I am a single mum of two. I work 30 hours a week. I have been with my bf for over 2 years and we want to live together. He also has 2 kids who don't live with him. If we live together it seems I will lose all my tax credits because of his wage. He is far from wealthy because he pays a large maintenance payment every month, 600 pounds. Idepend on childcare to go to work which costs between 500 and 800 plus a month, dependingon school hols etc. There is no way I can pay this, a mortgage, bills and everything else on my own without my tax credits. He cannot afford to either.So I am better off as a single mother until my children grow up? Surely that can't be right!

Flibbertyjibbet Wed 28-Nov-12 11:35:44

So if you get together, he wants it to be in a bigger house so that his kids can come and stay.

But the only contribution he wants to make to this bigger house is the equity from his own rent-and-mortgage-free home. The bigger house will be paid for by the money you currently pay as rent, ie £600 per month. Then presumably bills etc will be split between you on this bigger house, which may or may not mean that his utility bills go down.

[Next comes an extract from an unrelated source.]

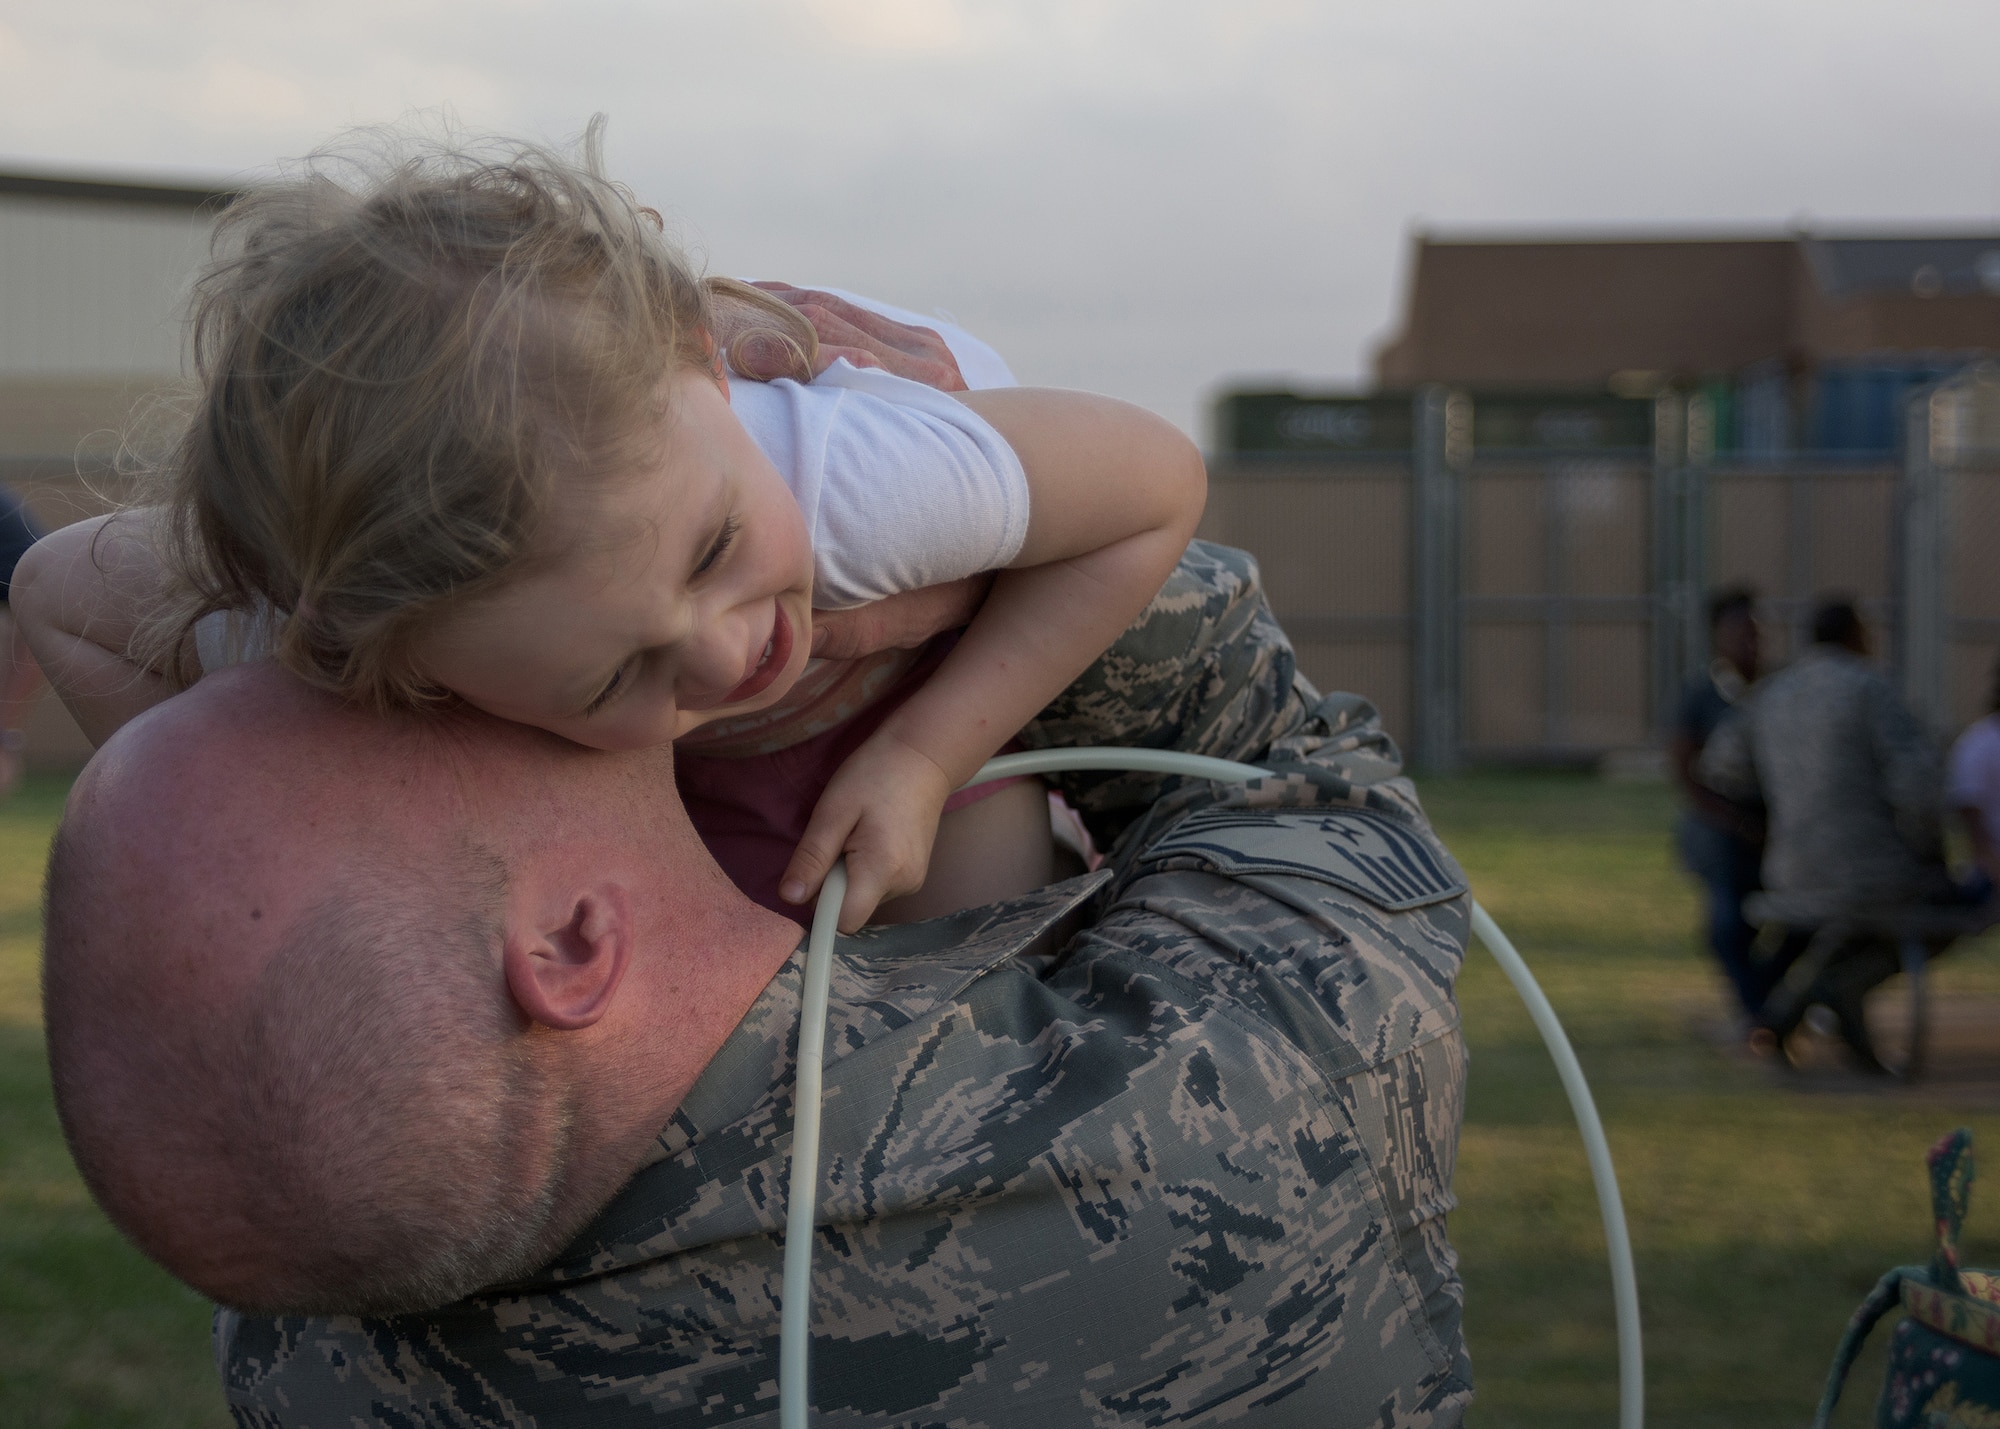 Air Force Master Sgt. Michael Rigsby assigned to the 137th Special Operations Civil Engineering Squadron, spends time with his daughter prior to deploying from Will Rogers Air National Guard Base, October 19, 2016. Rigsby is one of over 140 Airmen who will deploy from WRANGB in support of Operation Freedom's Sentinel in Southwest Asia, the first major deployment for the 137 SOW as a special operations wing. (U.S. Air National Guard photo by Tech. Sgt. Caroline Essex)

So he will be living in a bigger house at possibly no extra cost to himself at all, while you will be far worse off because you will lose tax credits.

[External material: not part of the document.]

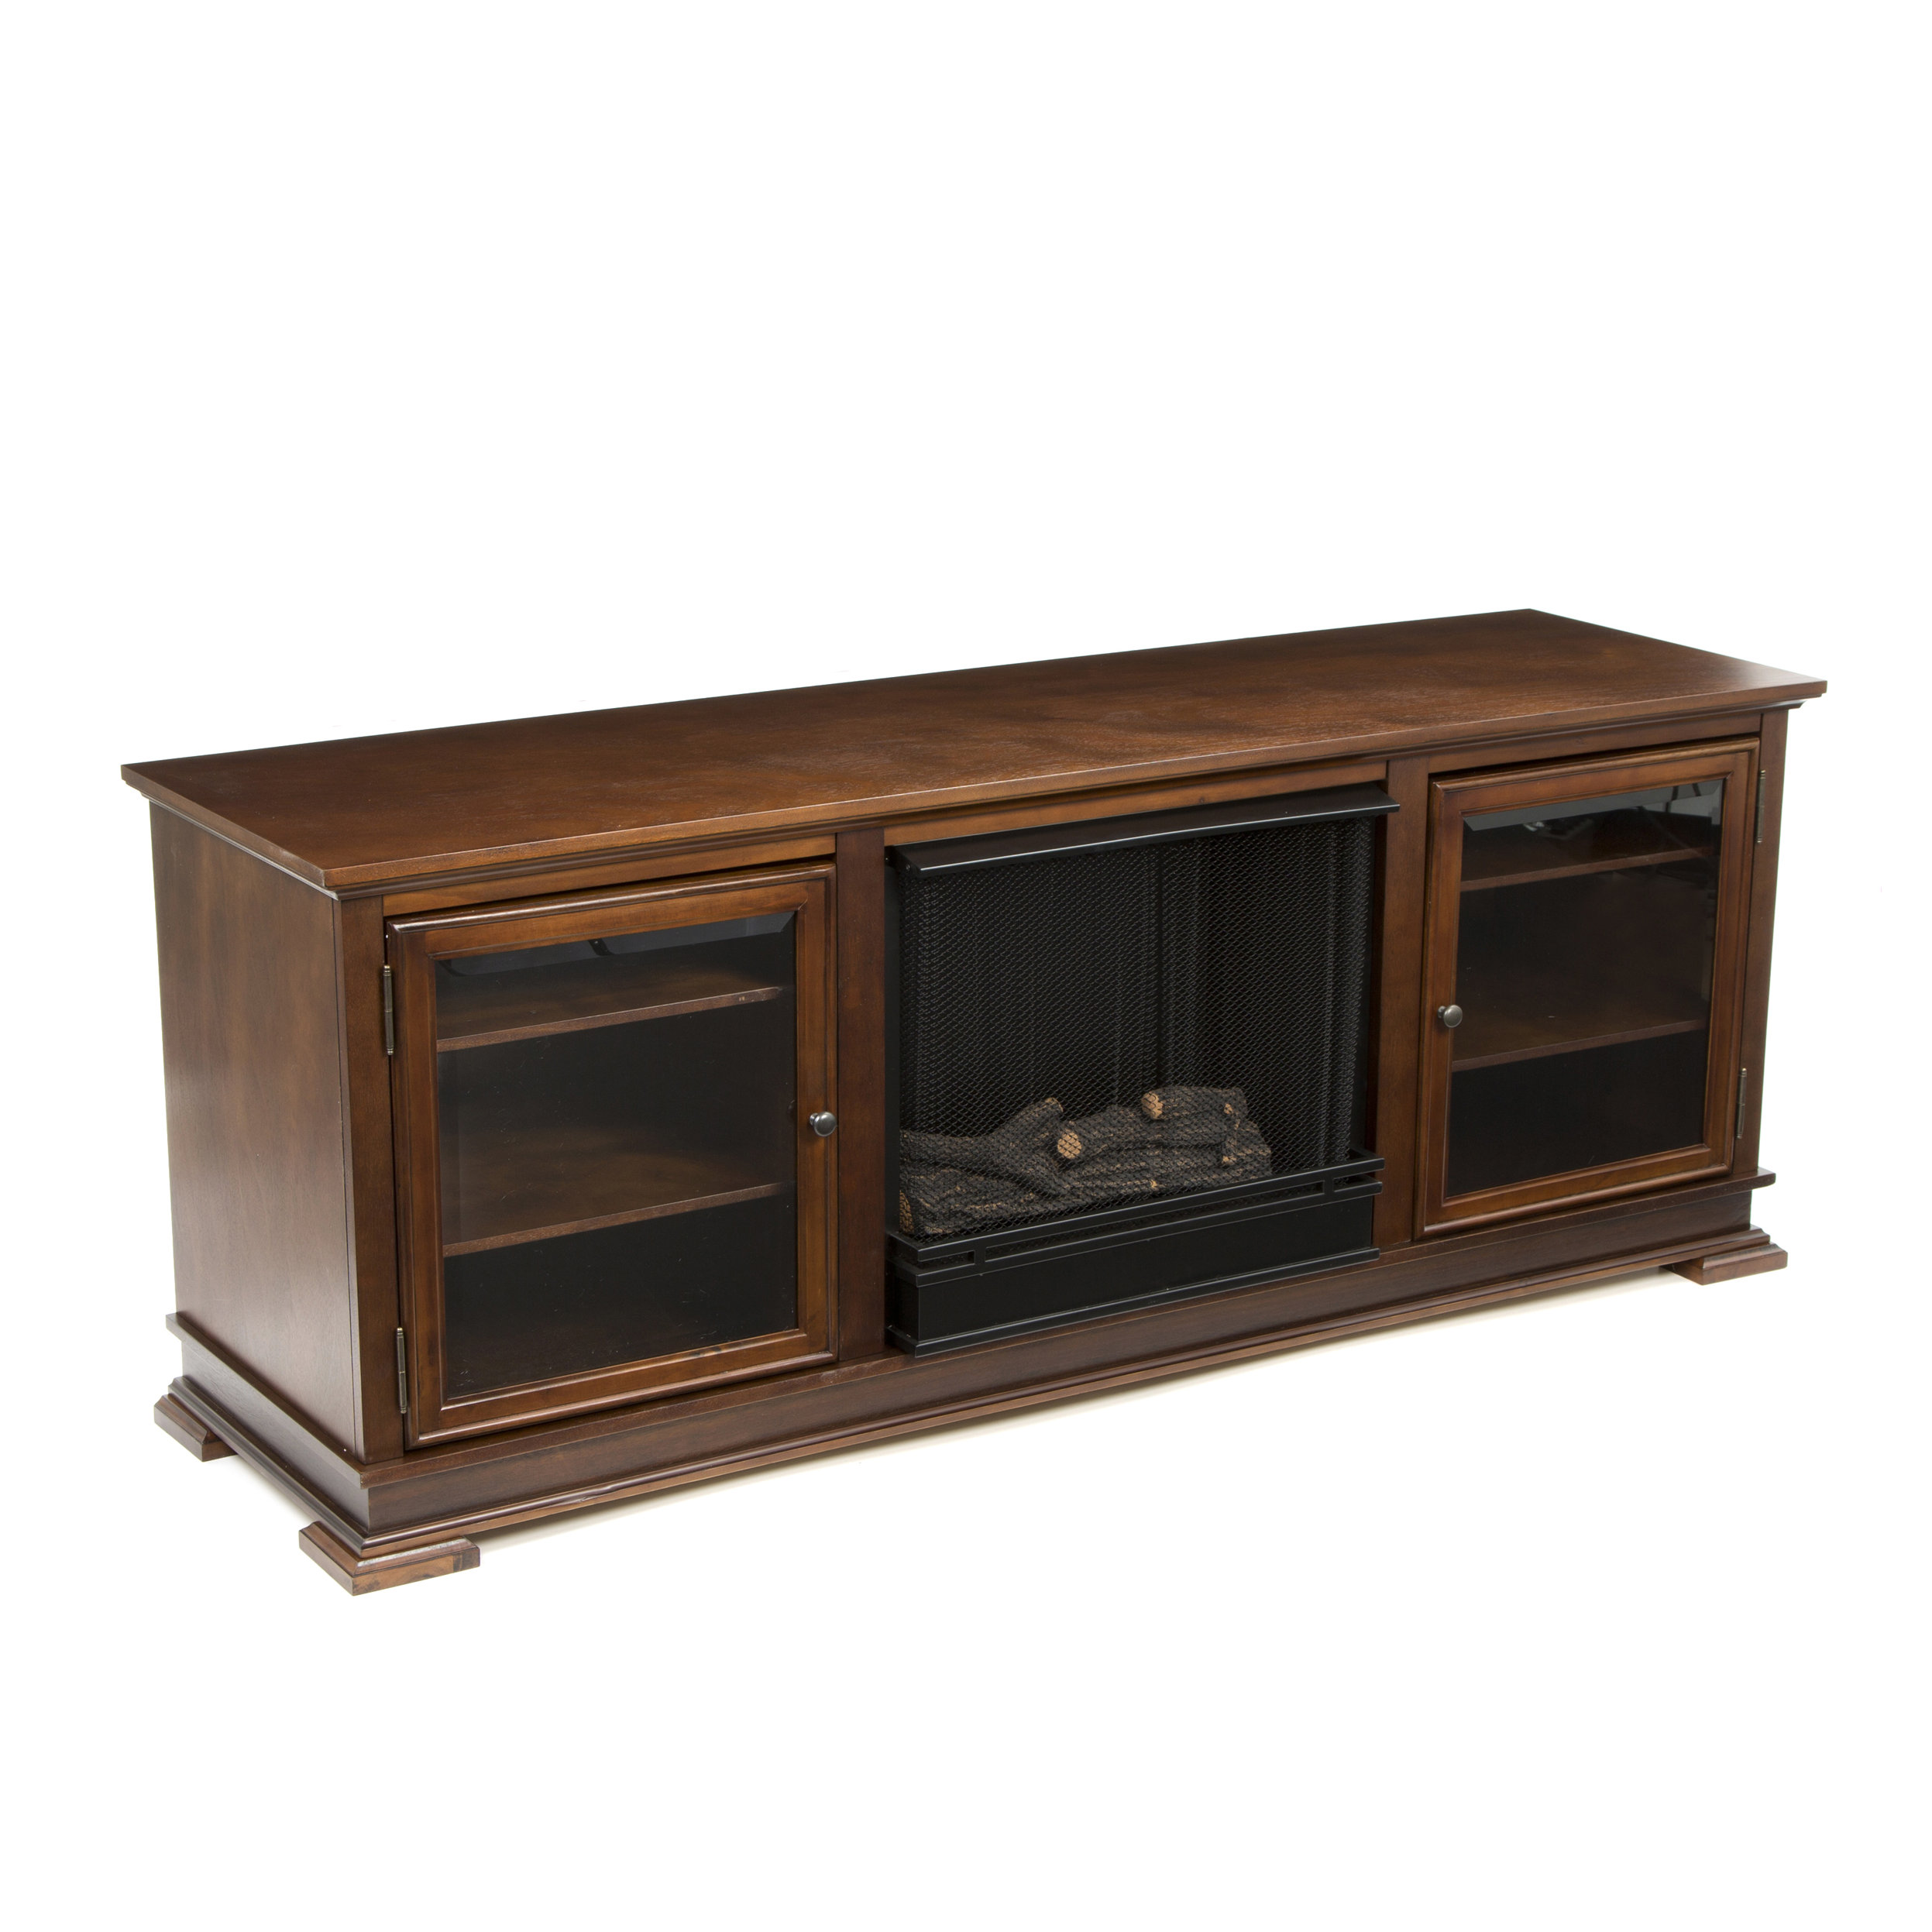 Real Flame Hudson Ventless TV Stand with Electric ...

I understand why you are frustrated. But honestly, the fault is not with the tax credits system, its with your boyfriend for expecting you to subsidise his bigger house.

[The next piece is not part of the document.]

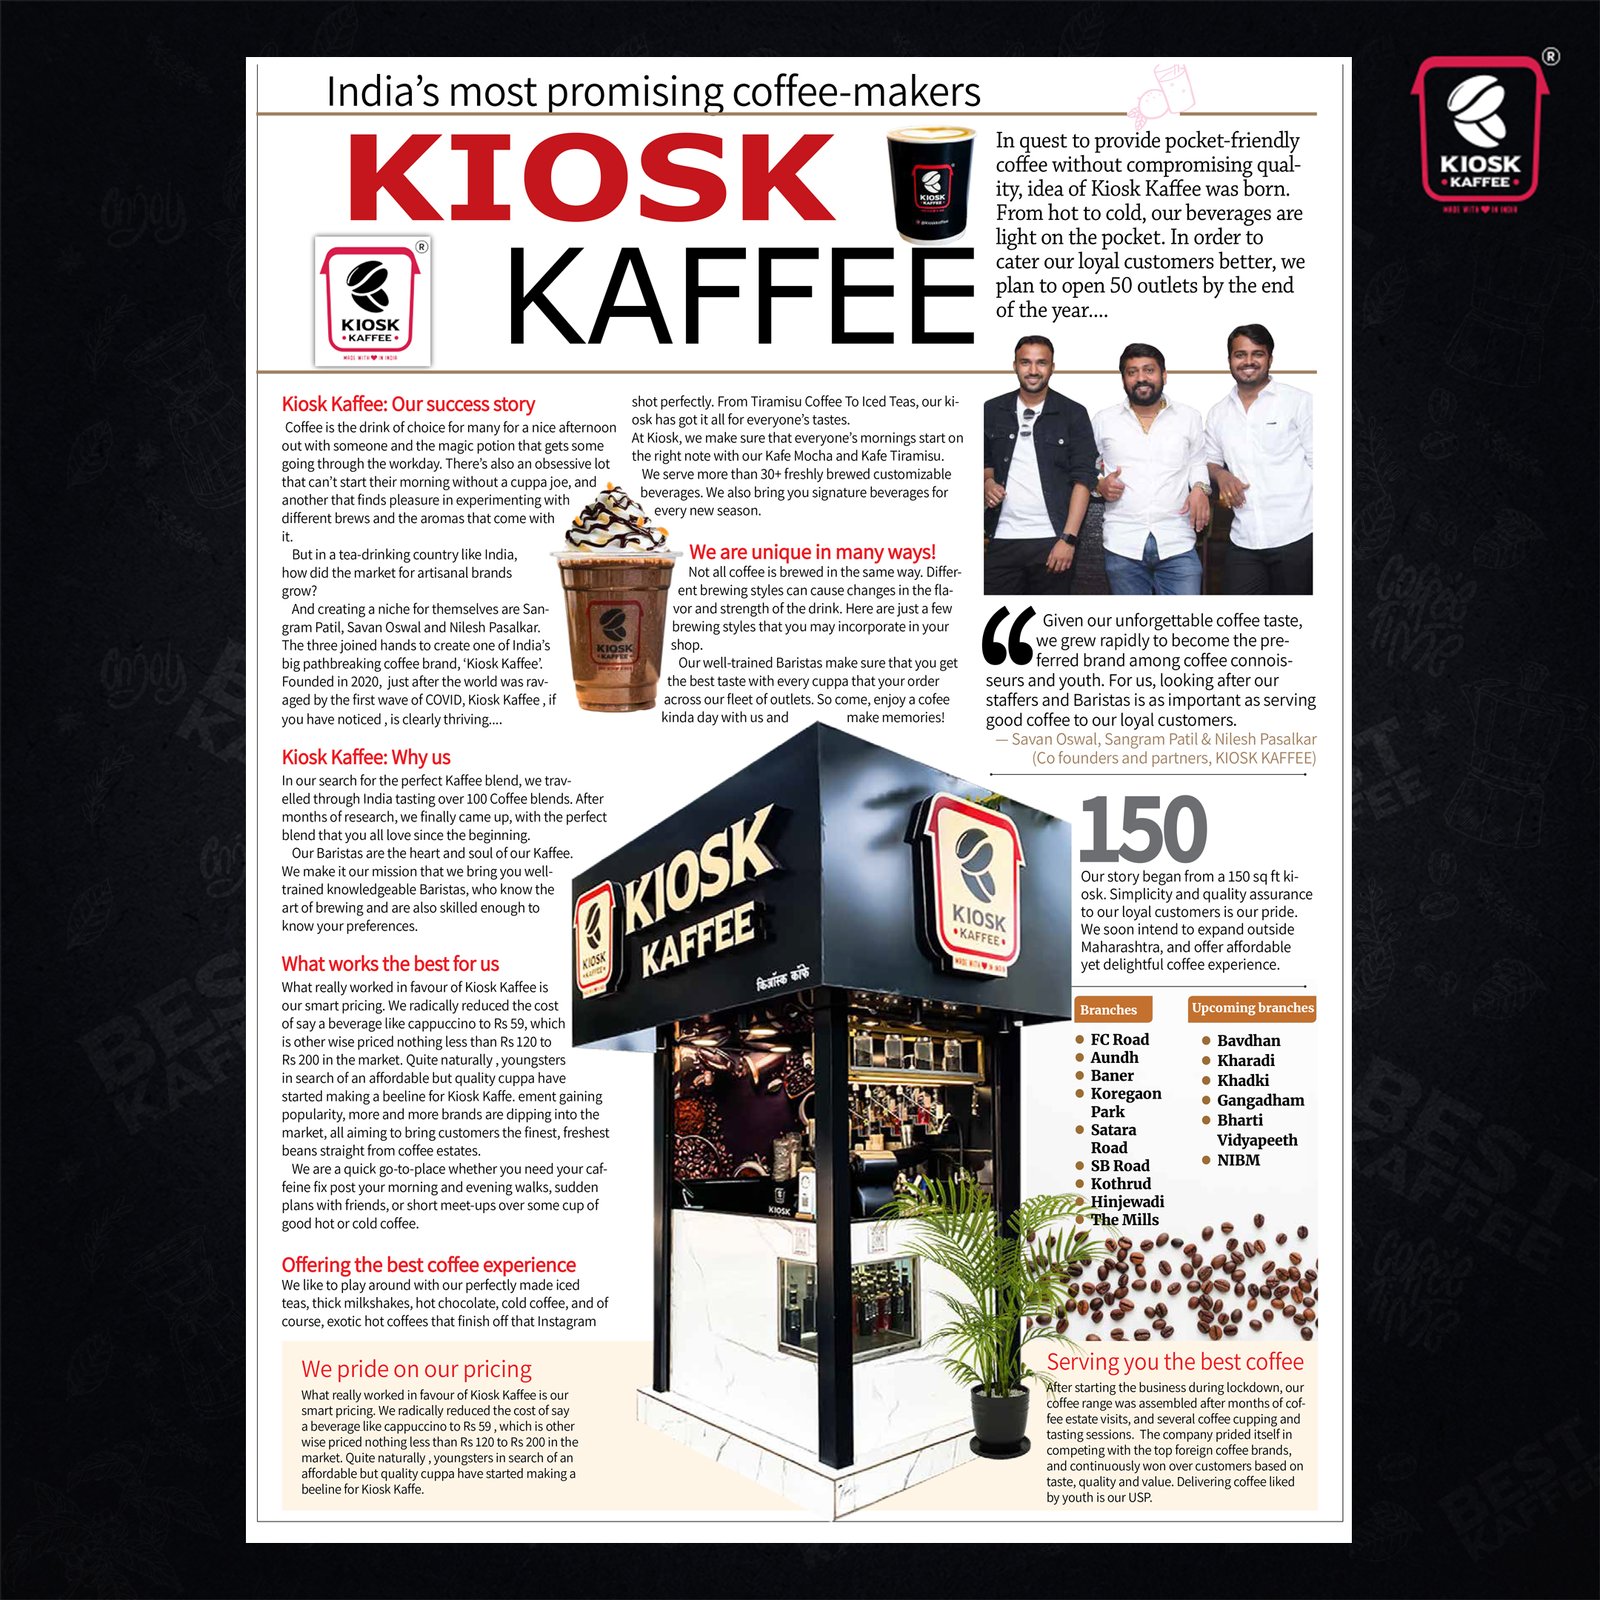 India’s most promising coffee-makers – Kiosk Kaffee

You say he earns a decent whack, so why is he not meeting half the mortgage on this bigger property, after all he will be benefitting from it. This kind of set up would also need careful setting out in legal agreements as to just who is entitled to what proportions of any larger property if you split.

QuickLookBusy Wed 28-Nov-12 11:40:43

I agree with Flibberty.

Your DP needs to make more of a contribution, somehow.

As it stands you both get a bigger house, but you are losing income. He needs to give you half of that loss, so it's all fair and square.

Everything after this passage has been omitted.